When I visit SaxOnTheWeb.net from my iPhone I get a layer of text on top of the front page when it loads. It looks like a robots.txt file that is somehow being generated over the page. I've attached screenshots showing what the problem is.

Are any other iPhone users getting this?


----------



## Harri Rautiainen (Jan 24, 2003)

JeremyLC said:


> When I visit SaxOnTheWeb.net from my iPhone I get a layer of text on top of the front page when it loads. It looks like a robots.txt file that is somehow being generated over the page. I've attached screenshots showing what the problem is.
> 
> Are any other iPhone users getting this?

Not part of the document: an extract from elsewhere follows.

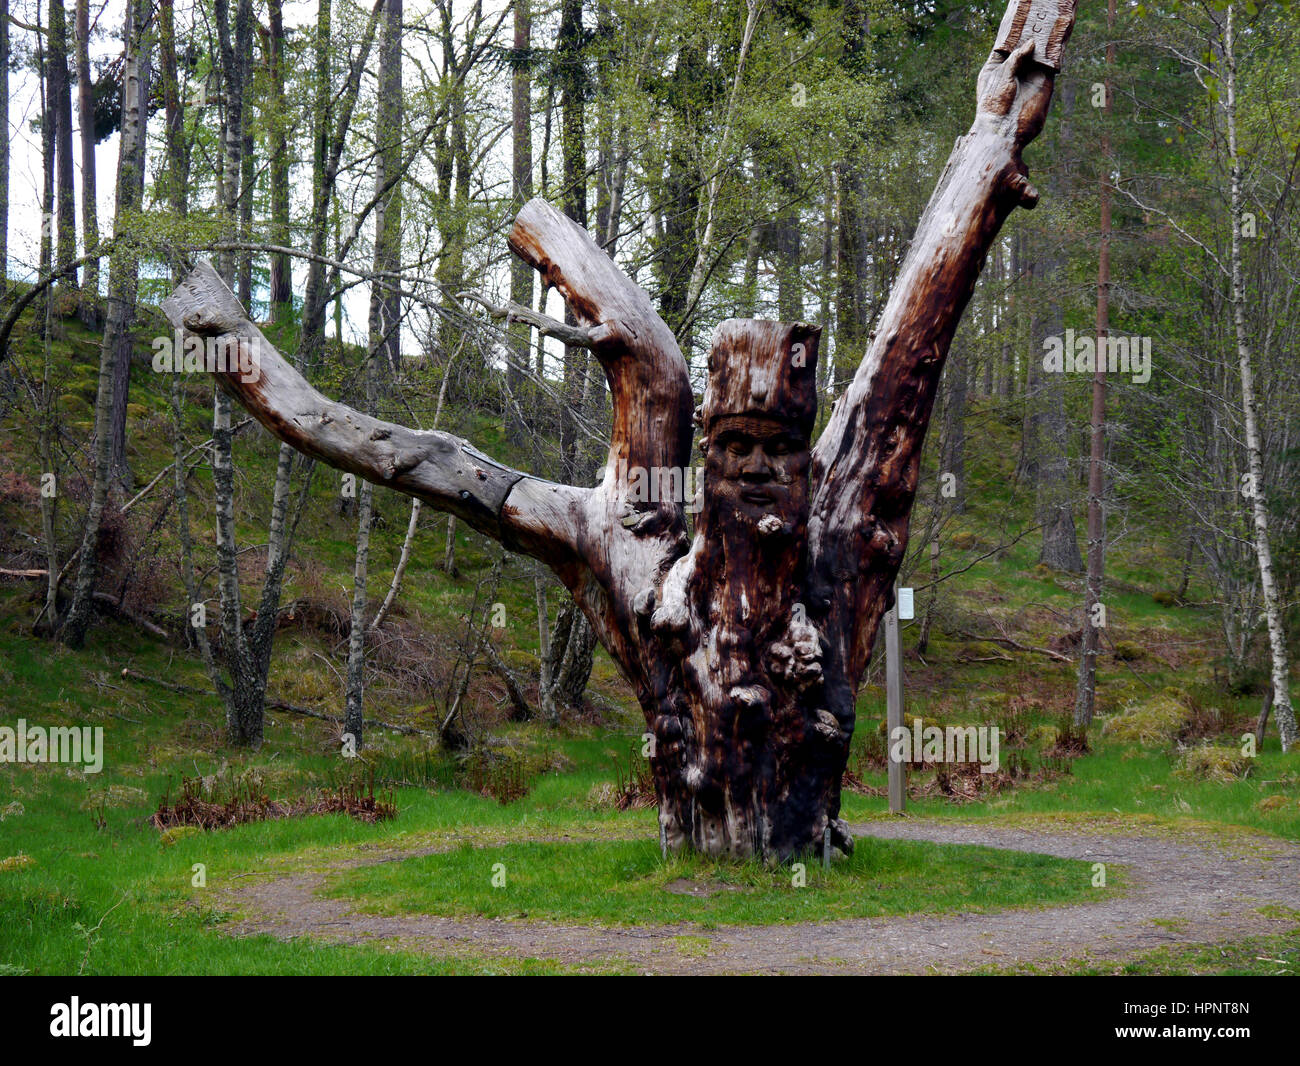 A Wooden Tree Sculpture called Archetype part of the Frank Bruce Sculpture Trail, Inshriach Forest, Feshiebridge,Cairngorms National Park, Scotland. Stock Photo
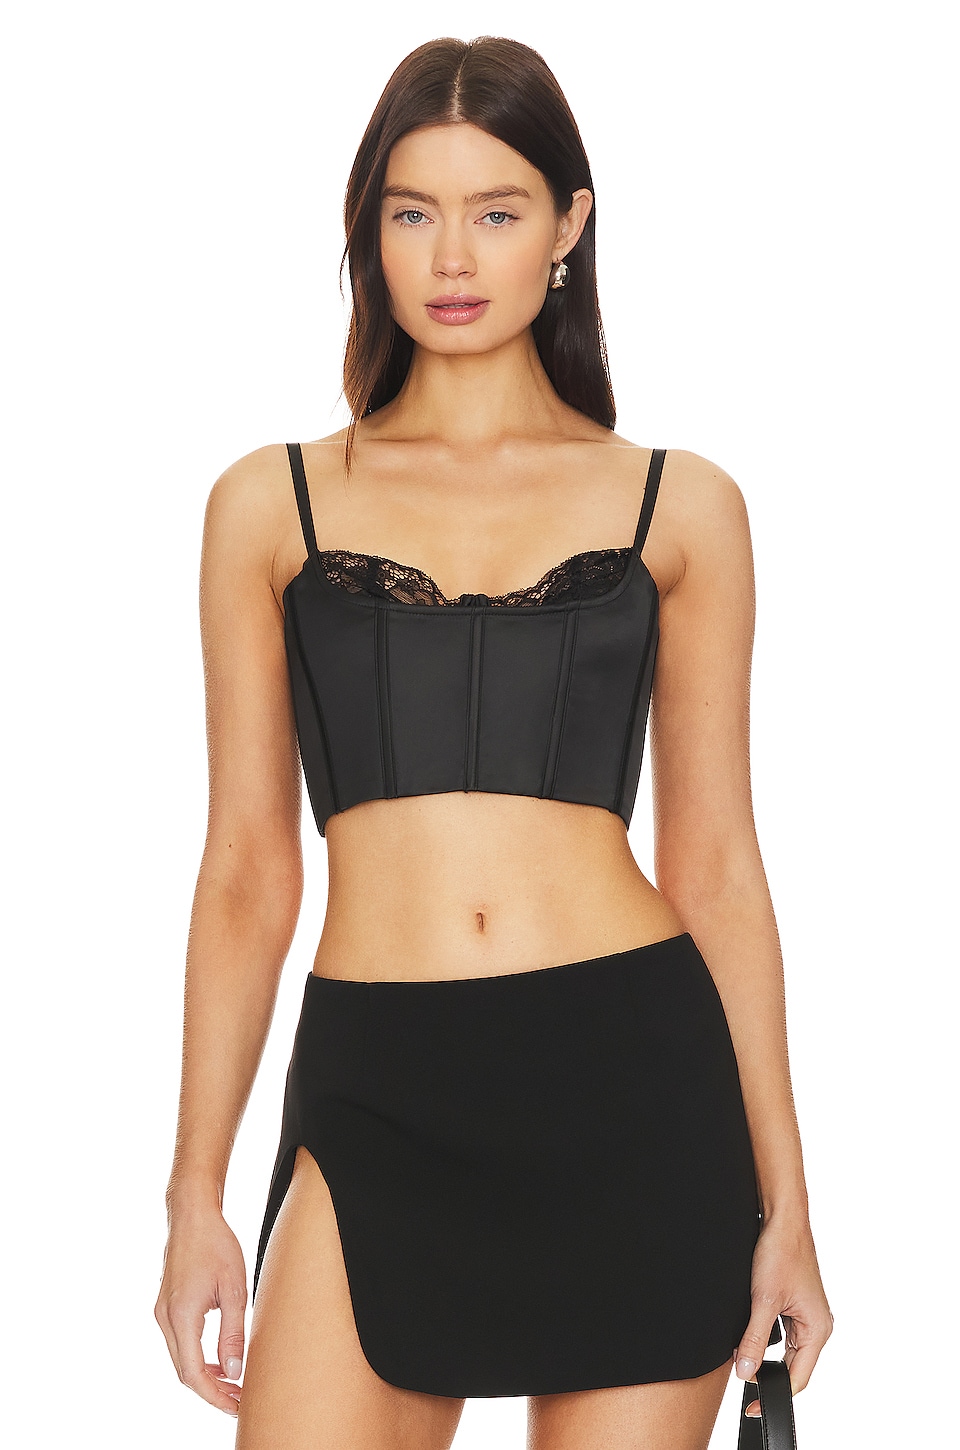 By Dyln Faux Leather Corset Crop Top - Black

Jeremy, you are right: it certainly looks like robots.txt. Unfortunately I have no way of testing it.


----------



## Twombles62 (Feb 28, 2007)

I didn't get it. Running 3.0 firmware.
Is your phone jailbroken?


----------



## EmKay (Jun 25, 2009)

Twombles62 said:


> I didn't get it. Running 3.0 firmware.
> Is your phone jailbroken?


I have a 3.0 FW jailbroken. Didn't get it either. Probably it was just a temporary problem...


----------



## JeremyLC (Feb 1, 2008)

I'm running 2.2.1 firmware, jailbroken, and I get it every time I visit the main page. It has been on-going, definitely not a temporary problem. It may be a sign that I need to upgrade to 3.0, though. (I really don't want to hassle with re-installing all my post-jailbreak software)


----------